The liability for violation of insider trading bypassing the information in a quid pro quo arrangement cannot be avoided because it is the Company's property known to the person receiving such information. All the parties involved in such an illicit Act would be found guilty. The misappropriation theory is one of the parts of US laws. The theory states that information misappropriated or stolen by anyone from their employer and such information used to trade any stock, including both the employer's stock and the Company's competitor stocks, would amount to insider trading.
Supreme Court of the US, in the case of Dirks v. SEC (1984), held that tippees who receive the second-hand information are guilty if the court has reasonable ground to believe that the fiduciary duty was breached, which results in disclosing the tipper received confidential information and any personal benefit from such discloser. In order to expose the fraud, Dirks disclosed all the information, but he did not disclose such information for personal gains. Hence no one was liable for insider trading. The concept of constructive insiders was defined in this case. It includes all those who receive confidential information from a company while rending their service to the Company, such as lawyers, investment bankers, and others. Constructive insiders are also liable for insider trading if the reasonable ground can provide evidence that the Company expects the information to remain confidential, as they have fiduciary duties.

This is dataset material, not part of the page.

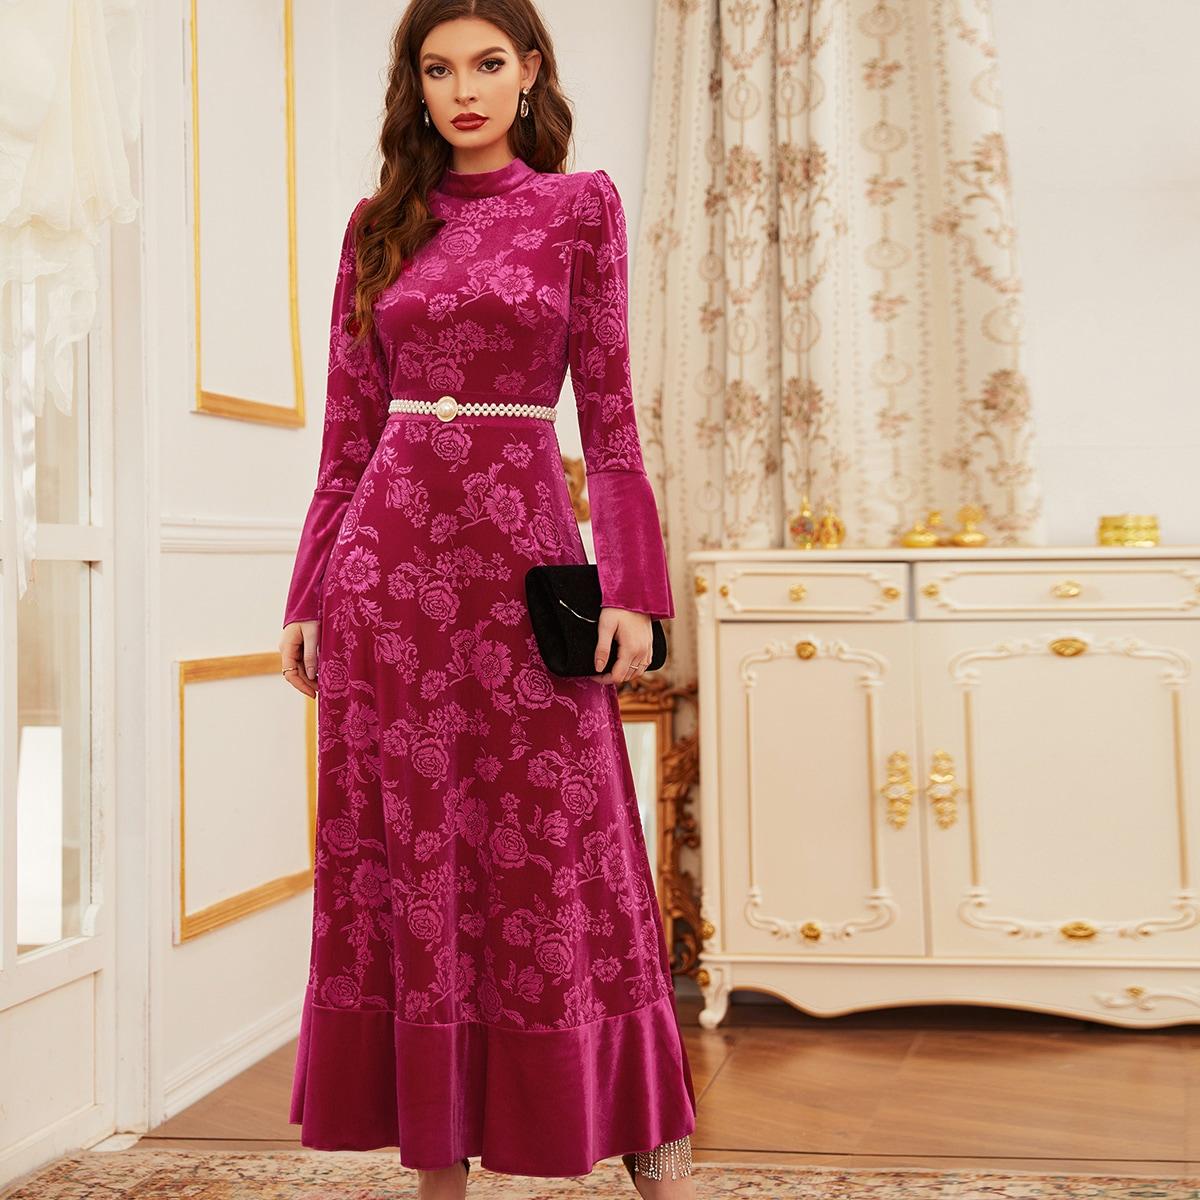 Бархатное платье с цветочным принтом без пояса

In India, the 2002 regulation bill have further enriched the 1992 regulations and elongated the list of person who will be considered the insiders. Insider trading by directors, employees, partners, etc., has to be precluded by specific guidelines and policies that all the listed companies and other entities have to frame. It was tough to enforce the legislation related to insider trading because of ineffective legislation that has impacted the security market. The low enforcement rates and few convictions against insiders can be described as ineffectiveness. When the task related to administrating the law, it is evident that the SEBI, which has bestowed wide-ranging power, failed. International importance was provided for policing insider trading as overseas regulators endeavours to heft the confidence of domestic investors and draw the interest of the international investment community. Special courts can be constituted for the effective and efficient disposal of cases.